Jan 16, 2015

Why Snow is White

Snowflakes are crystals of frozen water. Water and ice appear clear or slightly blue in large volumes. Snow is white, because of the way light interacts with snowflakes and the air molecules packed between each snowflake.

Water, ice, and an individual snowflake may appear transparent or clear, but water actually is translucent. The difference is that light can pass through a transparent material unchanged, while it is bent when passing through a translucent material. Light hits a snowflake and is bent and scattered across the spectrum by the facets and imperfections in each crystal.

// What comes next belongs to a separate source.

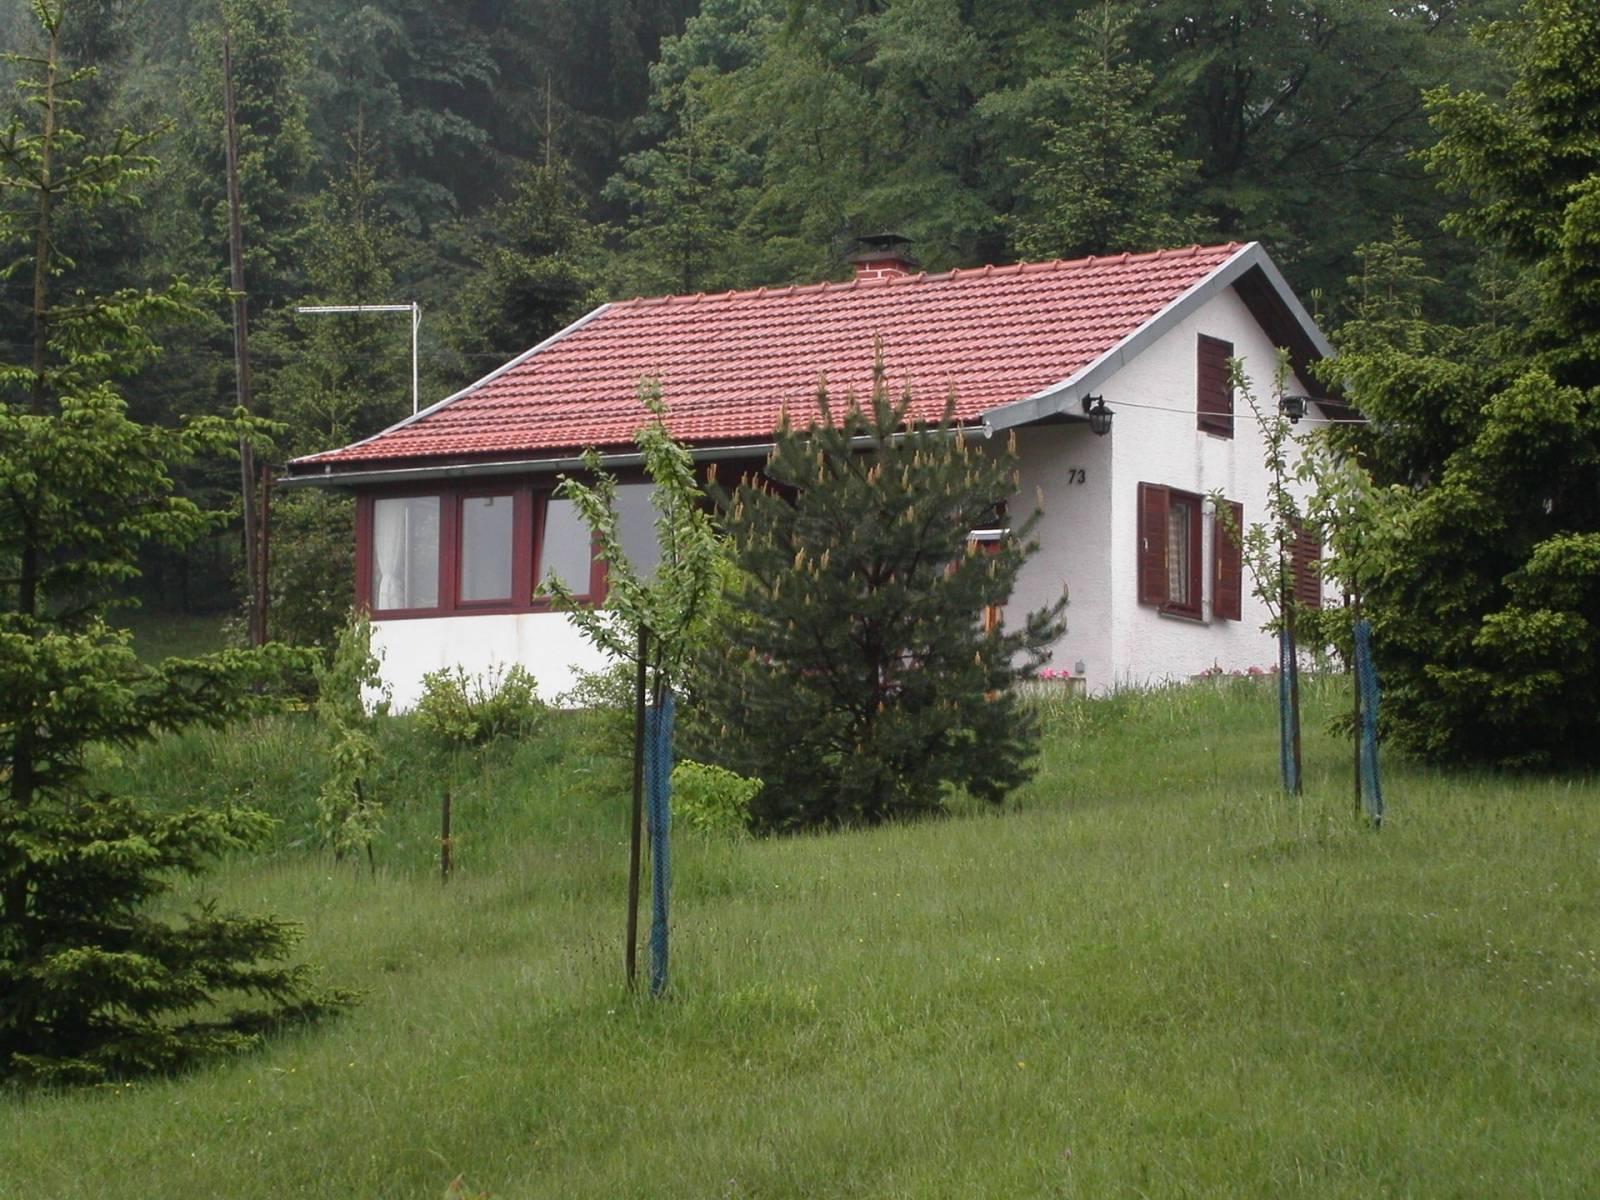 Gorski kotar vikend kuća, Jablan 37.19 m2
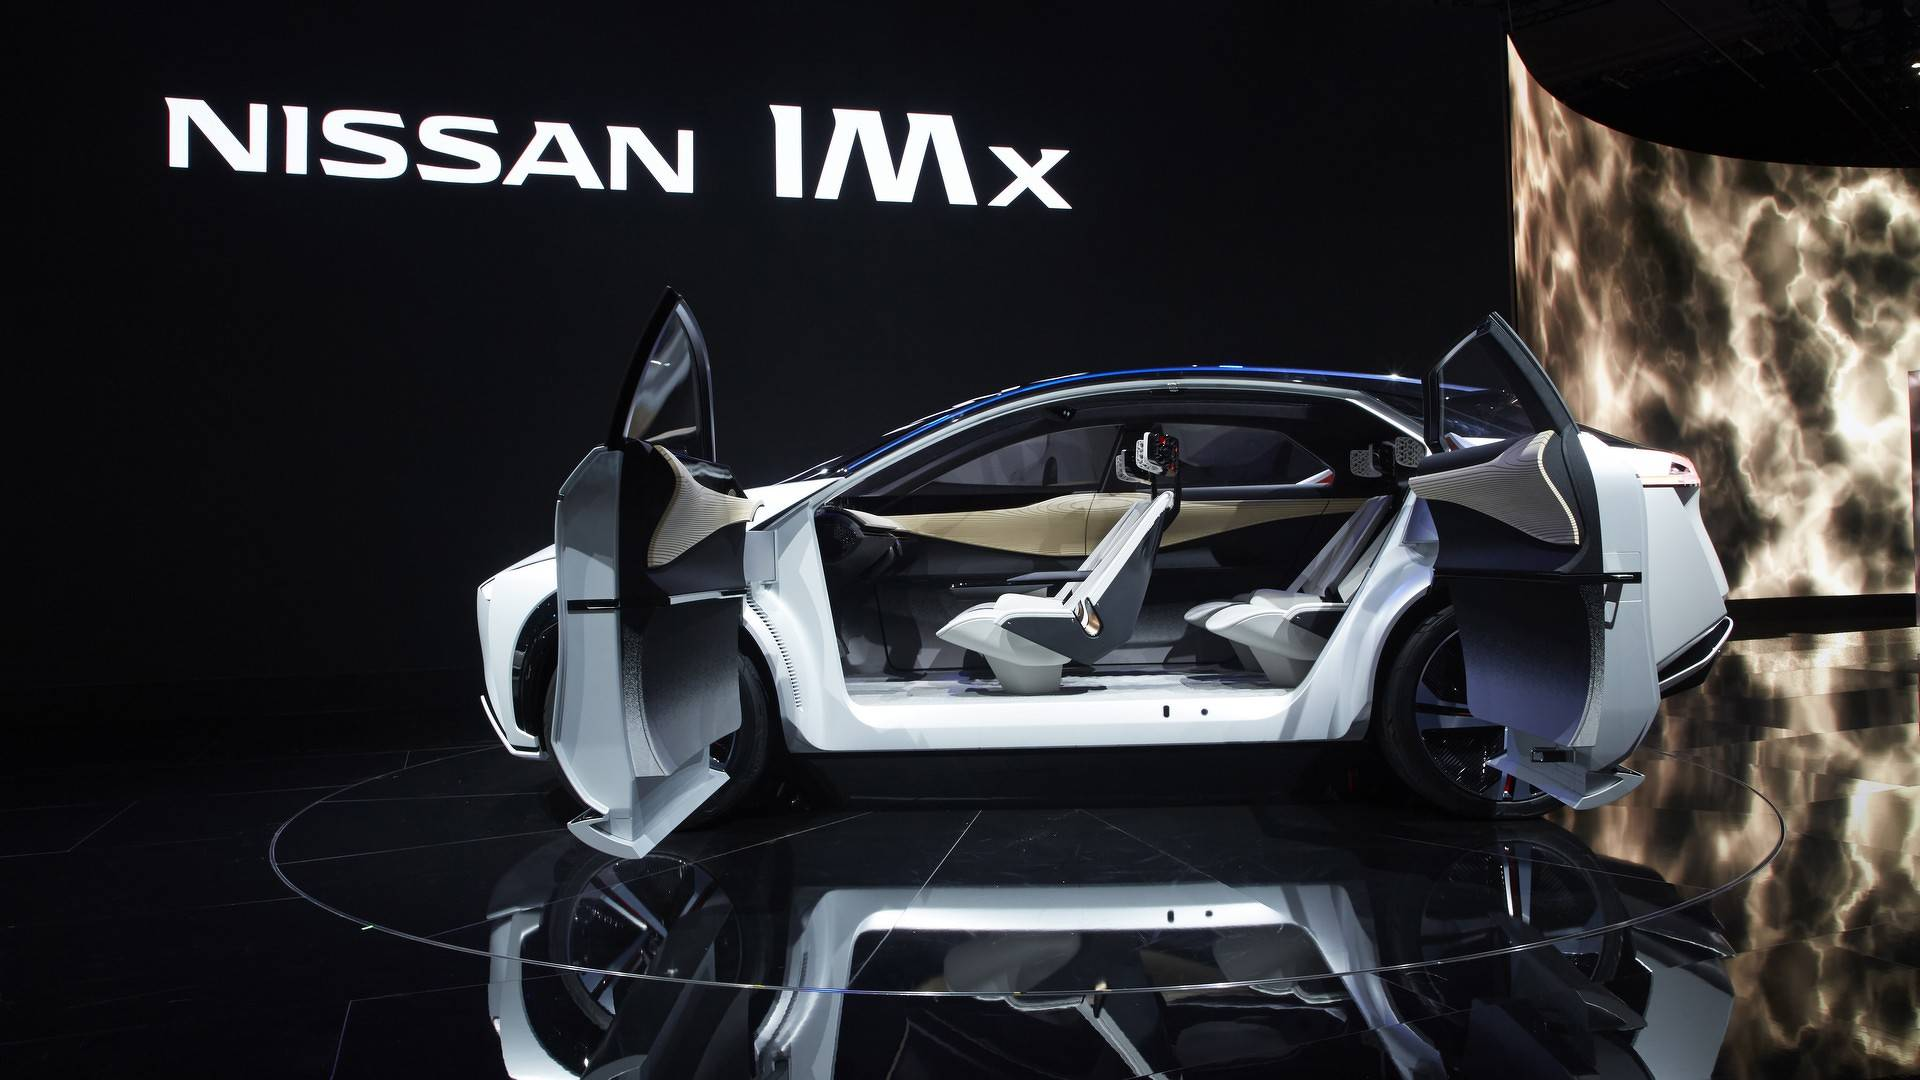 5a546d0eaf1d2 nissan imx concept نیسان IMX رونمایی شد   اجاره ماشین

Snowflakes scatter all frequencies of visible light, so the net effect is to produce white light, but deep layers of snow or compacted snow may appear blue. There is little air between crystals in compacted snow or ice, so there is less opportunity for light to be reflected. Thick layers absorb enough red light to cause this snow to appear blue. Snow also can appear blue if it has a layer of ice over it, which can reflect back the blue of the sky.

Ice is the word for the solid form of water, regardless of how or where it formed or how the water molecules are stacked together.

Snow is the word for precipitation that falls as frozen water. If the water forms crystals, you get snowflakes. Other types of snow include rime and graupel, which are ice, but not crystals. Bottom line, frost is ice, ice cubes are ice, and snow is a form of ice.